Quelle sera maintenant l’attitude du ministère dans la session qui va s’ouvrir et quel accueil recevra-t-il dans le parlement ? Il n’est point impossible qu’il ne réussisse d’abord à se créer une certaine majorité à la faveur des satisfactions qu’il a données d’avance à la fraction la plus impatiente de la chambre. Il est cependant douteux qu’il puisse désarmer ou satisfaire jusqu’au bout des amis qui ressemblent étrangement a des ennemis. Les discours qu’ont récemment prononcés en province M. Clemenceau, M, Floquet, sont pour lui des signes assez inquiétans.

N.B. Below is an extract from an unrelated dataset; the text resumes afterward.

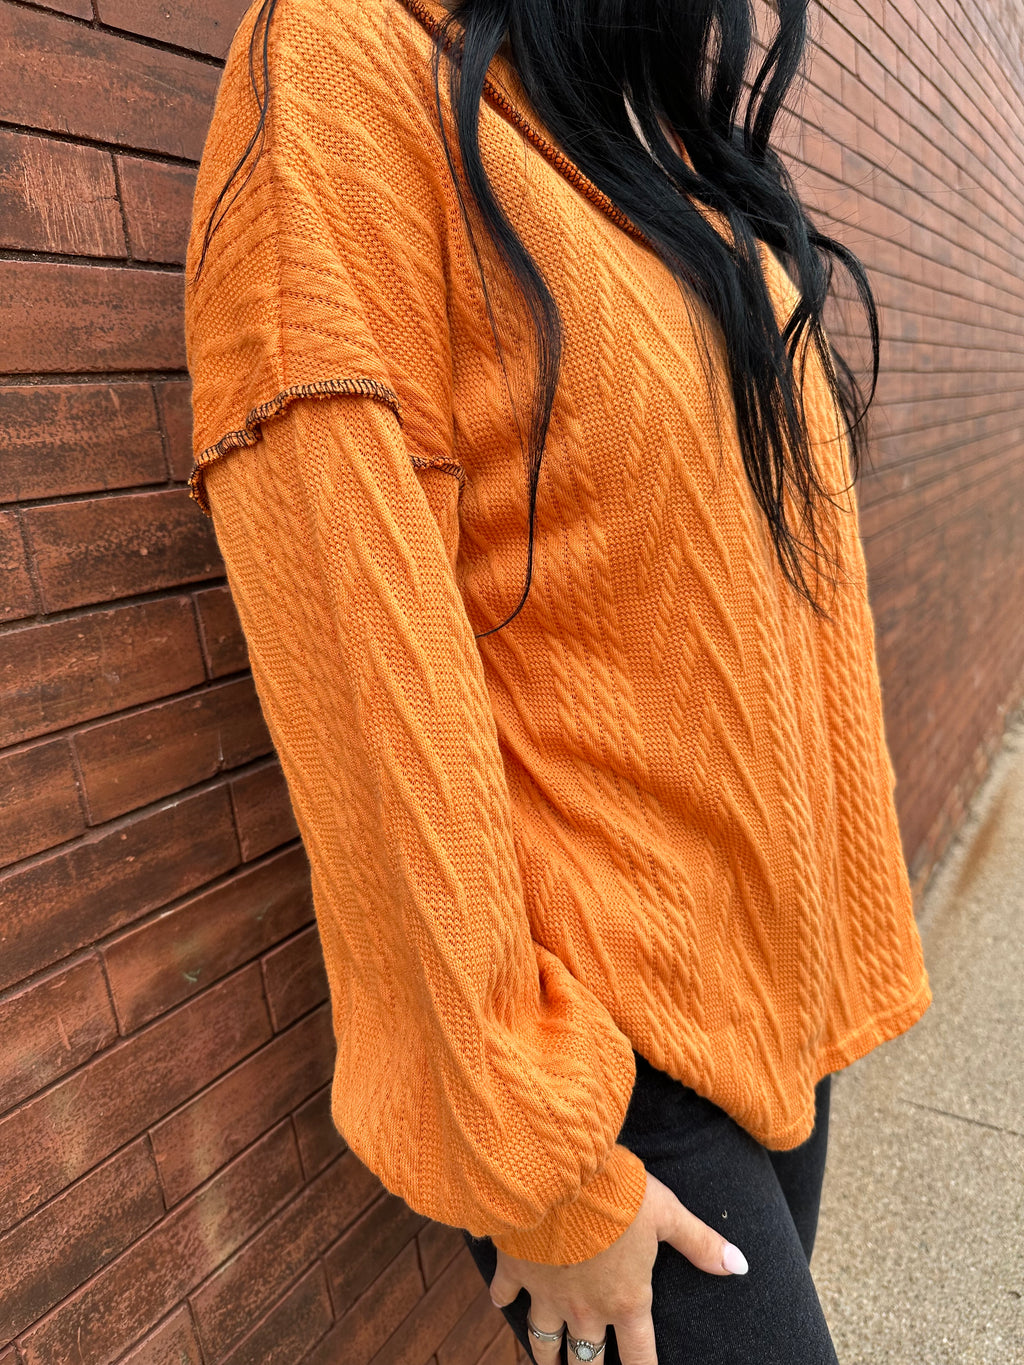 Textured Orange Knit Top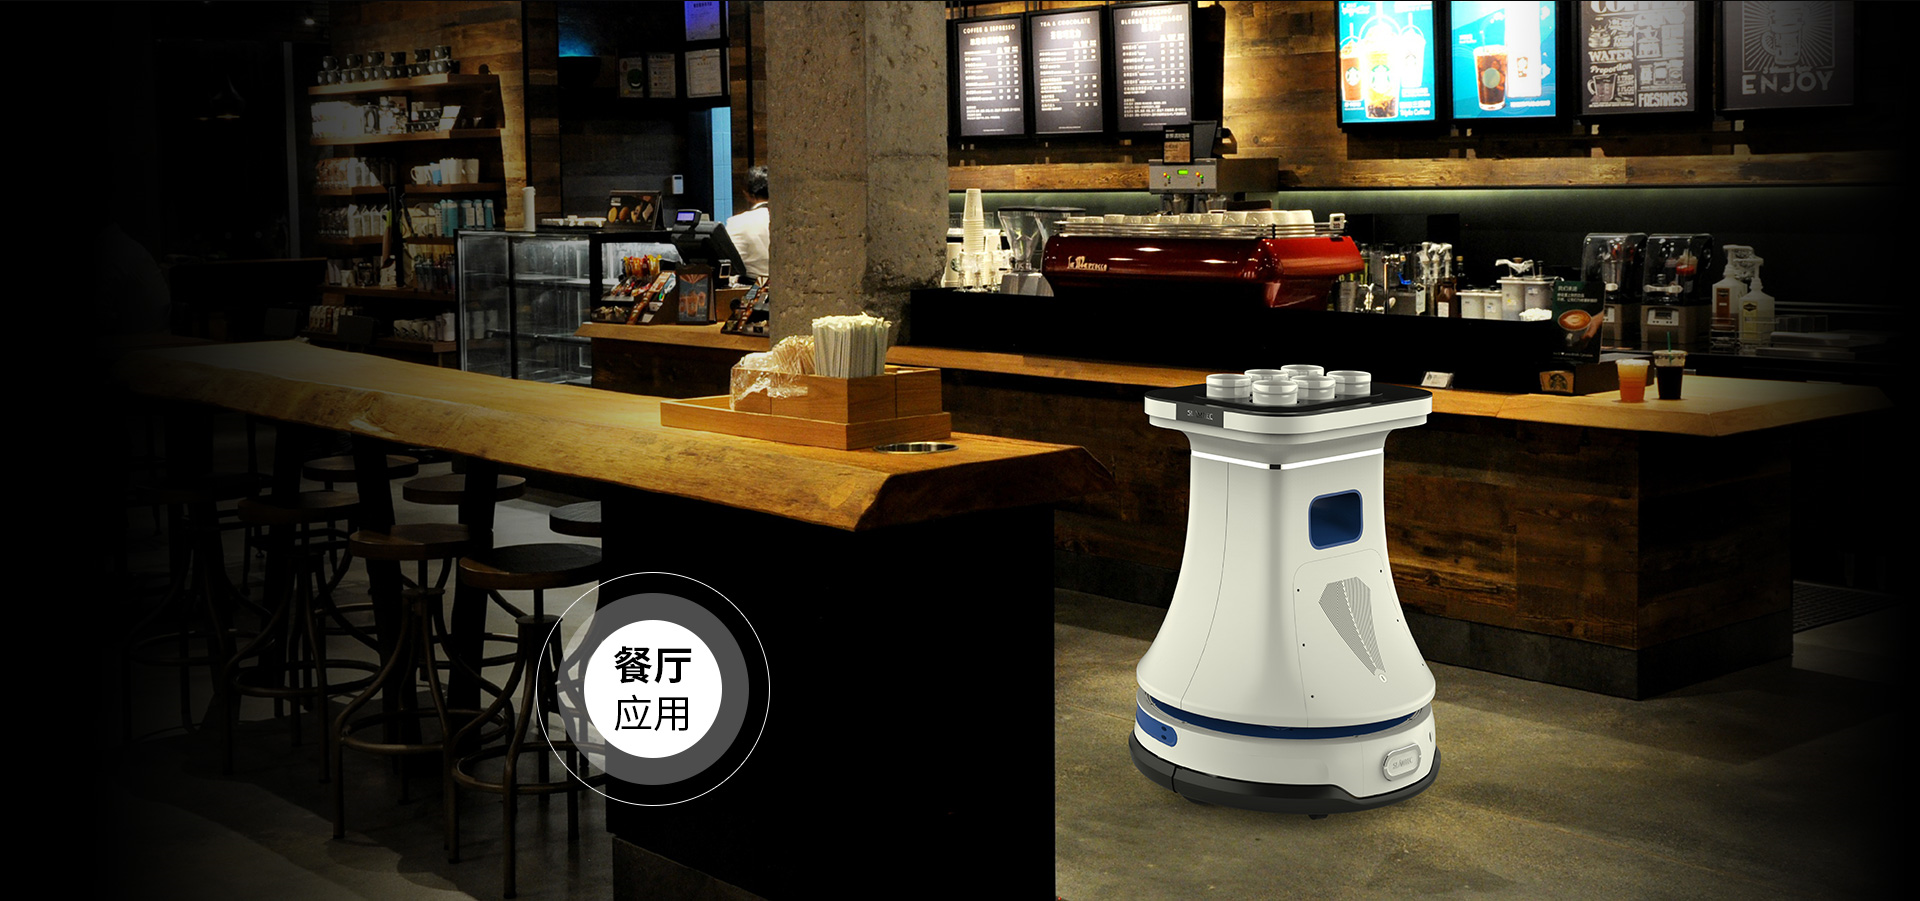 思岚科技ZEUS服务机器人底盘可应用于餐厅

Sa situation sera d’autant plus difficile qu’il va se trouver en face d’une chambre des députés préoccupée de sa fin prochaine, ayant à décider à quel moment elle se dissoudra, quel programme de lois elle réalisera avant de disparaître. A vrai dire, la question de l’heure de la dissolution n’est pas bien sérieuse ; elle est résolue en termes précis par la constitution elle-même, qui fige une durée de quatre années pour chaque législature. Ce n’est que par une subtilité qu’on peut discuter pour savoir s’il s’agit de quatre années réelles, — ce qui conduirait la chambre d’aujourd’hui au 14 octobre 1881, — ou de quatre budgets, ce qui impliquerait une dissolution plus prochaine. Il n’y a doute que là où le texte est incertain, et ici il ne l’est pas. Il fixe quatre années. Quant aux lois que la chambre aura à voter avant de disparaître, elle en a trop pour qu’il n’en reste pas beaucoup en chemin, et le meilleur service qu’elle pourrait rendre au pays serait de trouver en elle-même, si c’est possible, les élémens d’une majorité décidée à soutenir une politique de modération et de paix intérieure.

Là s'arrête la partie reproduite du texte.